Добавить в цитаты Настройки чтения

Страница 37 из 64

— Он звонил?

— Звонил, — отвечаю после секундной заминки. — Я не взяла трубку.

— Вот и правильно! — поучает сестра. — Пусть посидит без вас, подумает. Вот осознает всё и приползет на коленях прощения просить!

— Сонь, — горько усмехаюсь, — какой от этого толк, что он приползет просить прощения? Он ведь даже не позвонил за эти дни, с Ксюшей не поговорил, зато время, чтобы написать заявление у него нашлось.

— Это да.

— Как такое простить? — не могу угомониться. — Я пустила его не в свою жизнь, Соня. В Ксюшину. Она волнуется и спрашивает, где отец и почему он не с нами, а ему… наплевать?

— Не наплевать, — мотает головой Соня. — У мужиков нет материнского инстинкта. Он Ксюшу знает месяц, а эту девицу сколько? Год, два? А если еще больше, то и подавно. Он горой за нее лежать будет, пока она не оступится, или пока вас не потеряет. А потом поймет, да, переосмыслит. Он сейчас вообще не понимает, что у него дочь есть.

— Да как же! — возмущаюсь, чувствуя, что меня несет. Все же алкоголь всегда развязывает мне язык, и я чувствую себя раскрепощенной. Надо прекращать.

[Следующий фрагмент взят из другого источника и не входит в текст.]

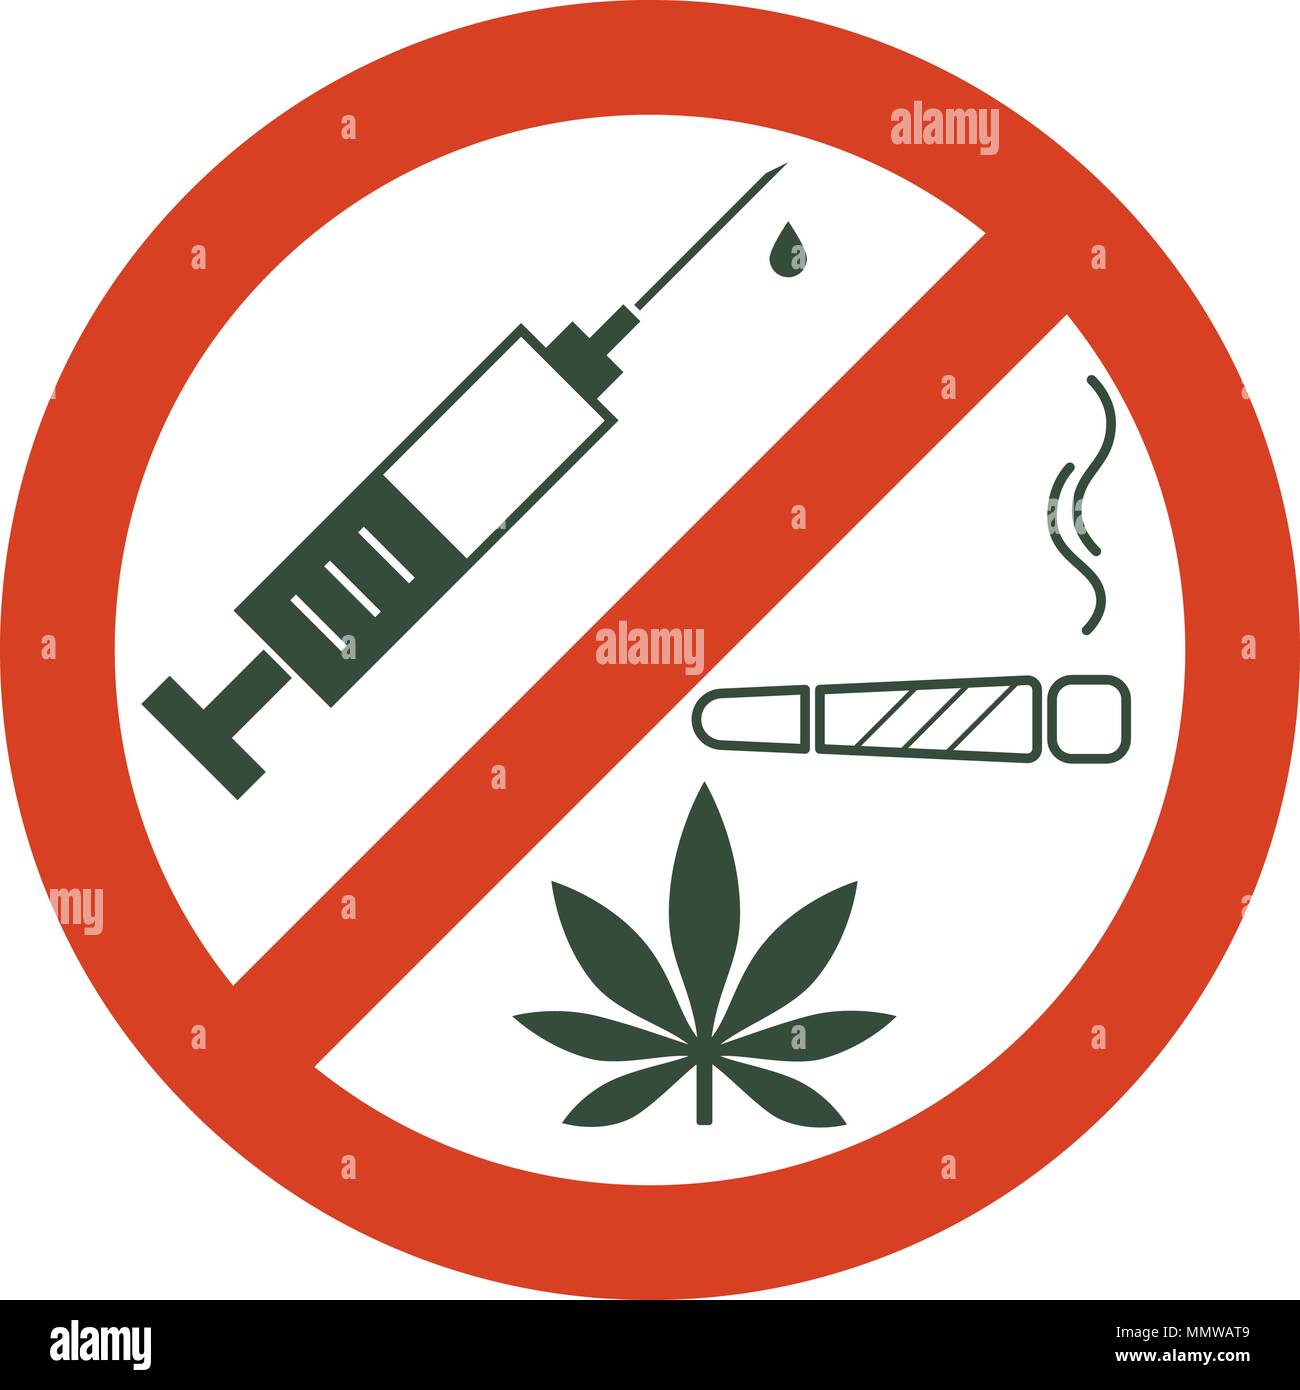 Keine Drogen erlaubt. Drogen, Marihuana Blatt mit verbotenen Zeichen - keine Droge. Drogen Symbol in Verbot roten Kreis. Anti Drogen. Nur Nein sagen. Isolierte Vektor Stock Vektor
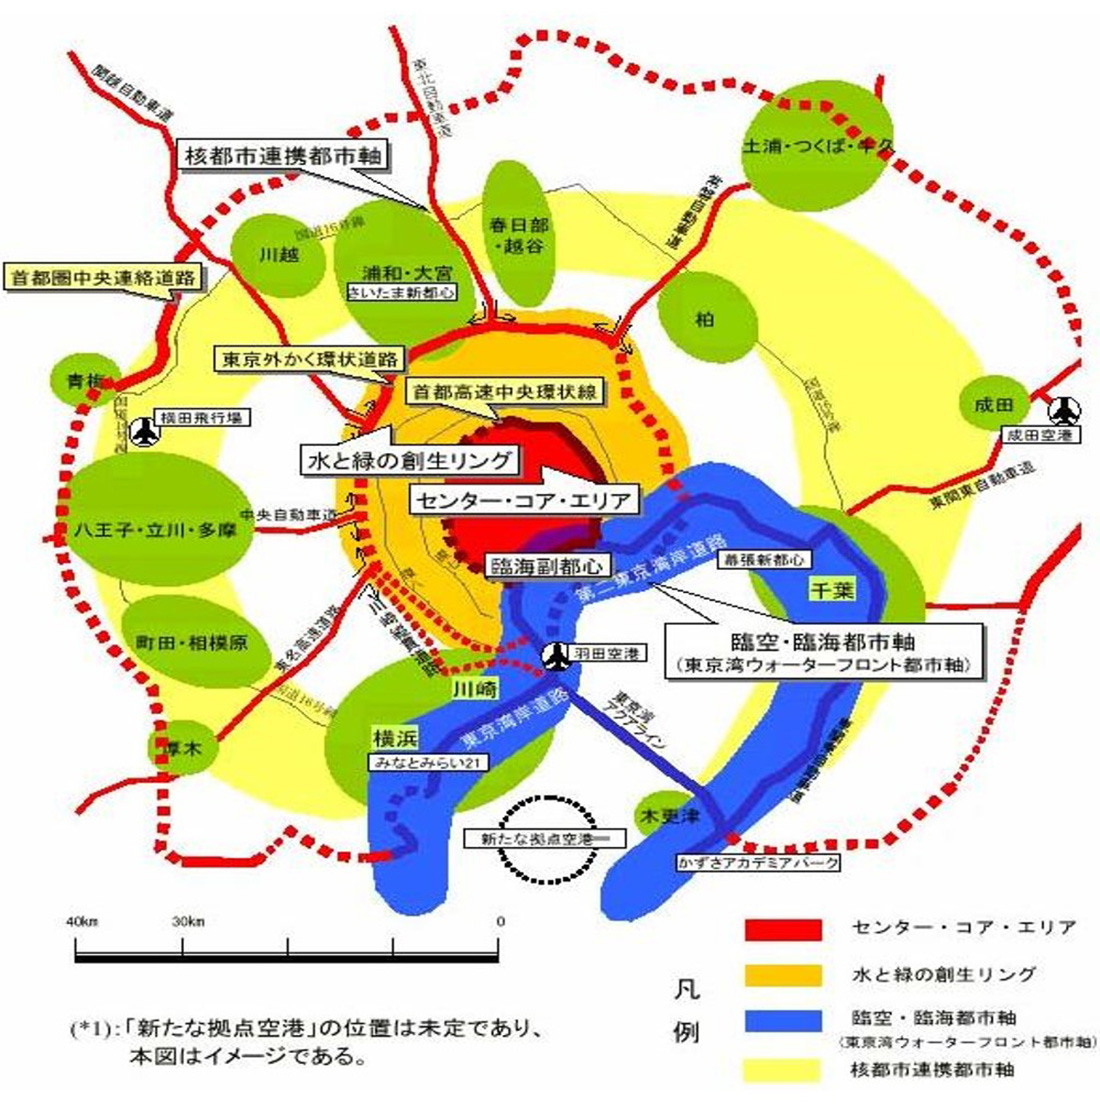 東京コラム【3】都市政策の変遷と都市再生

— Нет, ты послушай, — стоит на своем Соня. — Ты зря трубку не берешь. Узнай, чего он хочет. Явно же или этой подруге легче стало, или ему кто сказал, что ты уехала. Не разорвала контракт, не осталась, а свалила работать дальше, пока он жопу и сопли ей вытирать будет. Его это точно возмущает. Дочь у него забрали! А он остался с Олей. Она ему дорога, но и о дочери он забыть не может. Неправильно это.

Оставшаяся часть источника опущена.